72nd Lieutenant Governor of Massachusetts
- In office January 8, 2015 – January 5, 2023
- Governor: Charlie Baker
- Preceded by: Tim Murray
- Succeeded by: Kim Driscoll

Member of the Massachusetts House of Representatives from the 11th Worcester district
- In office January 8, 2001 – January 8, 2011
- Preceded by: Ronald Gauch
- Succeeded by: Matthew Beaton

Personal details
- Born: Karyn Ellen Polito November 11, 1966 (age 59) Shrewsbury, Massachusetts, U.S.
- Party: Republican
- Spouse: Stephan Rodolakis
- Children: 2
- Education: Boston College (BS) New England Law Boston (JD)

= Karyn Polito =

American politician and lawyer (born 1966)

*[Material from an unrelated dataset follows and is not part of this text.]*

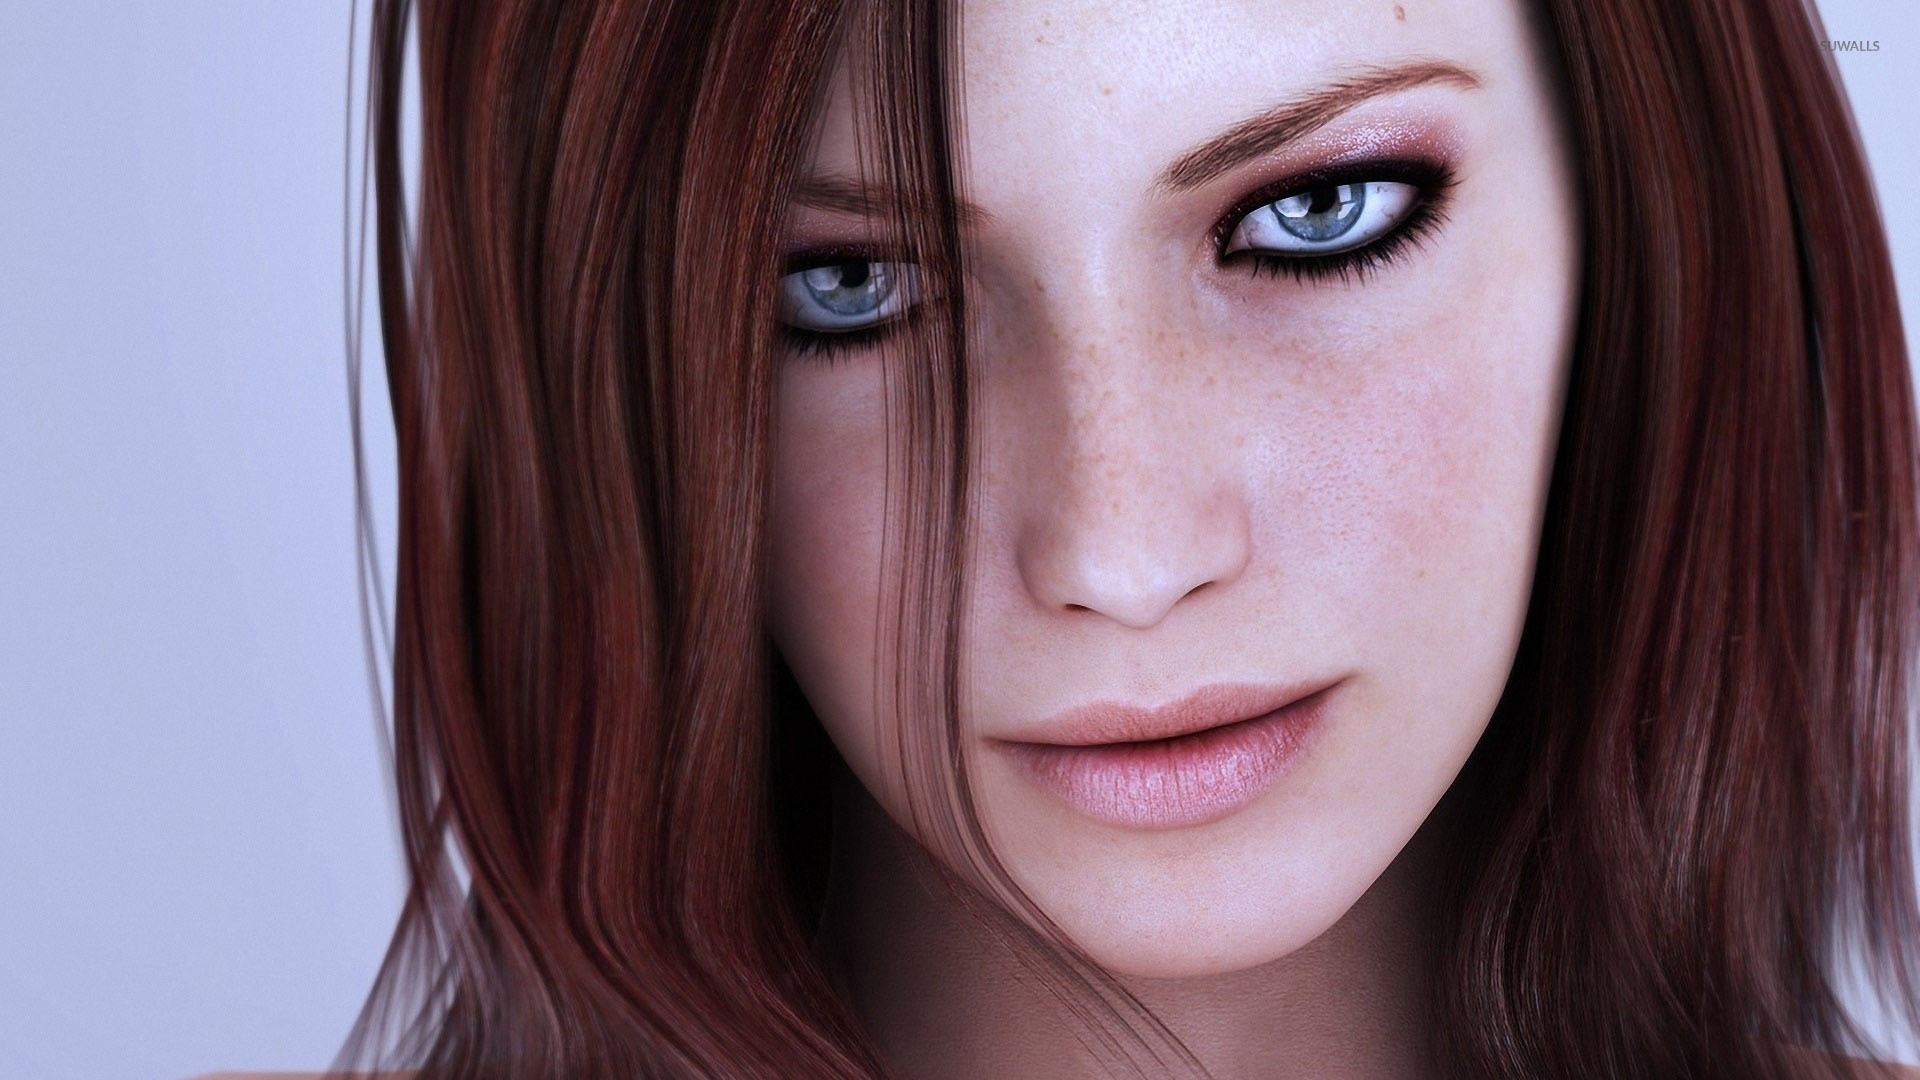 1920x1080 Amazing redhead with freckles wallpaper  jpg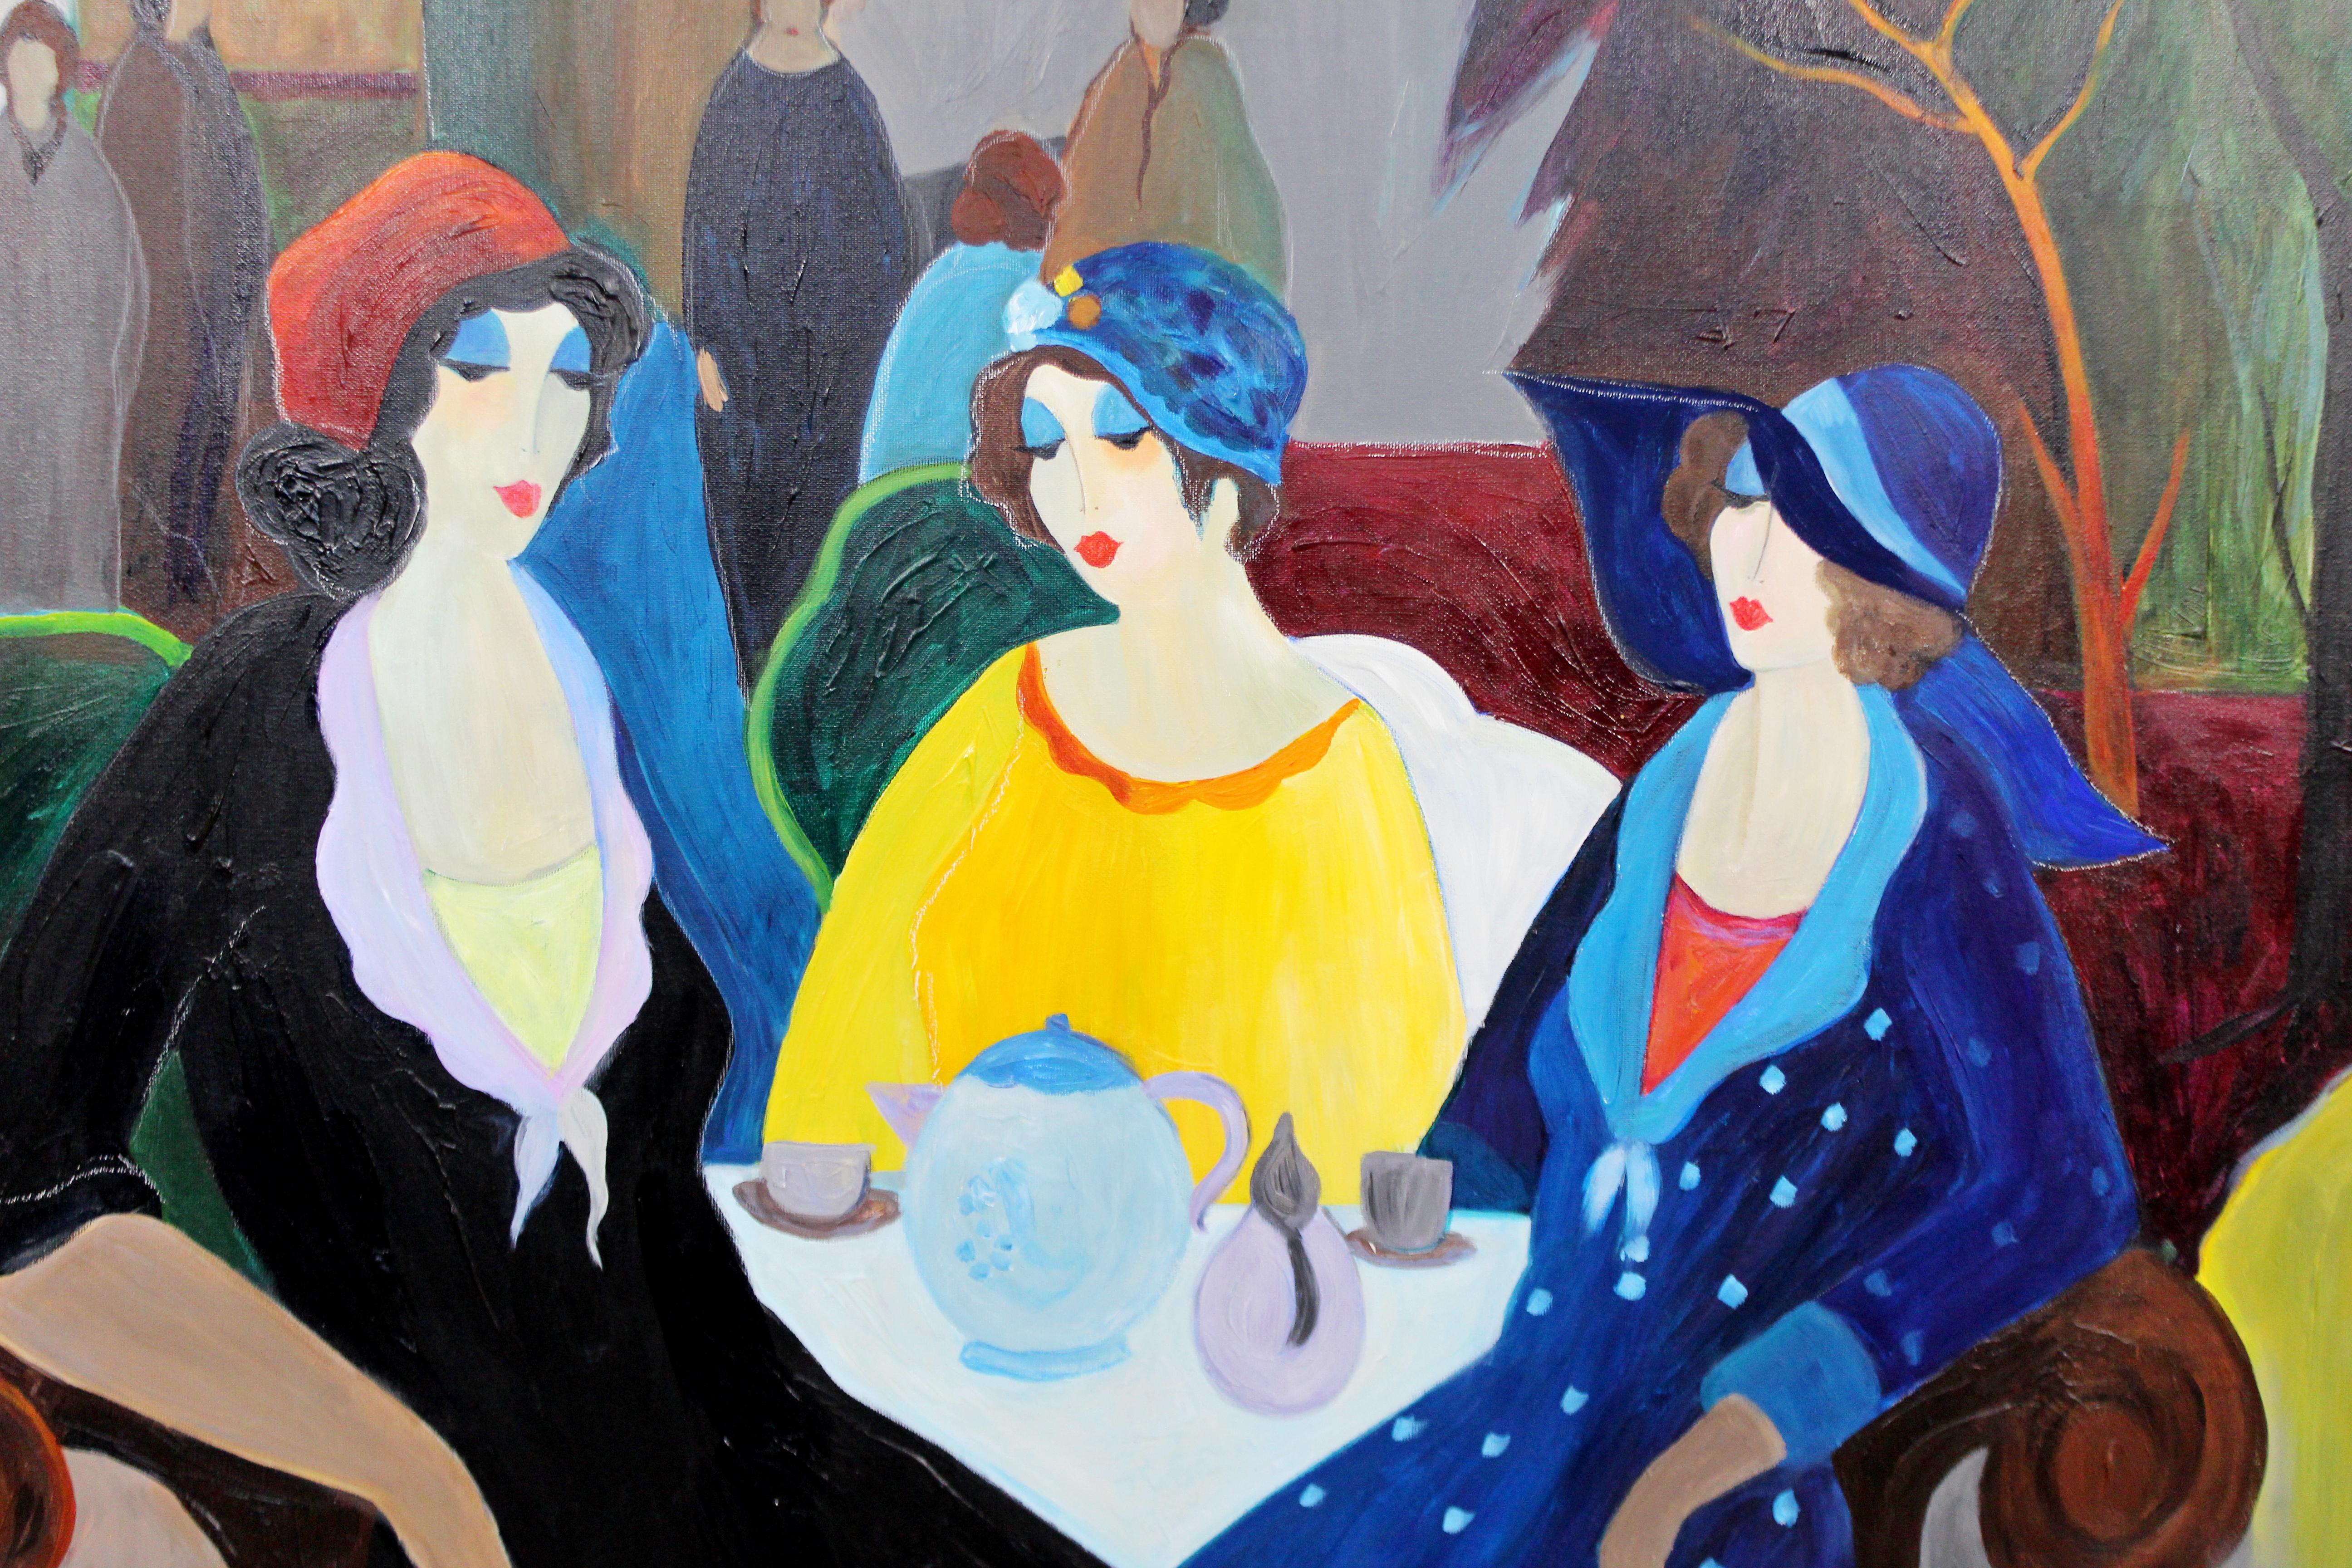 For your consideration is a magnificent, large unique acrylic on canvas painting, signed by artist in gold frame.  Itzchak Tarkay is considered to be a key figure in the modern figurative movement.  Artwork by the Israeli artist are easily

Karyn Ellen Polito (born November 11, 1966) is an American attorney, businesswoman, and politician who served as the 72nd lieutenant governor of Massachusetts from 2015 to 2023. Polito was a Republican member of the Massachusetts House of Representatives for the 11th Worcester district from 2001 to 2011. Polito was first elected lieutenant governor in 2014 with her running mate, Charlie Baker. They were both re-elected in 2018, and declined to seek reelection in 2022.

==Early life and education==
Polito is a lifelong resident of Shrewsbury, Massachusetts. She graduated from Holy Name Central Catholic High School. Shortly after graduating from Boston College with a Bachelor of Science degree in 1988, she received her Juris Doctor from New England Law in 1991.

==Career==
An attorney, Polito co-owns and operates a commercial real estate development firm.

Polito is a member of the Republican Party. Her experience in politics and government includes stints as a Shrewsbury Town Meeting member (1993–2000), a member of the Shrewsbury Zoning Board of Appeals (1994–1995), and a Shrewsbury selectman (1995–1998). Polito was the commissioner of the Massachusetts Lottery from 1999 to 2000. In 1998, Polito ran for the Massachusetts Senate in the Second Worcester district. However, she lost the general election to Guy Glodis.

===Massachusetts House of Representatives===
In 2000, Polito was elected State Representative for the 11th district of Worcester, which covers the town of Shrewsbury and precincts 1 and 4 of the adjacent town of Westborough in Worcester County. She served in the Massachusetts House of Representatives from 2001 to 2011, winning every election without any opposition.

===2010 state treasurer campaign===

On March 1, 2010, Polito announced she would run for the office of treasurer and receiver-general of Massachusetts. She was unopposed in the Republican primary. Polito lost in the general election to Democratic candidate Steve Grossman, but won 45% of the vote, receiving the most votes of any Republican running for office in Massachusetts in 2010.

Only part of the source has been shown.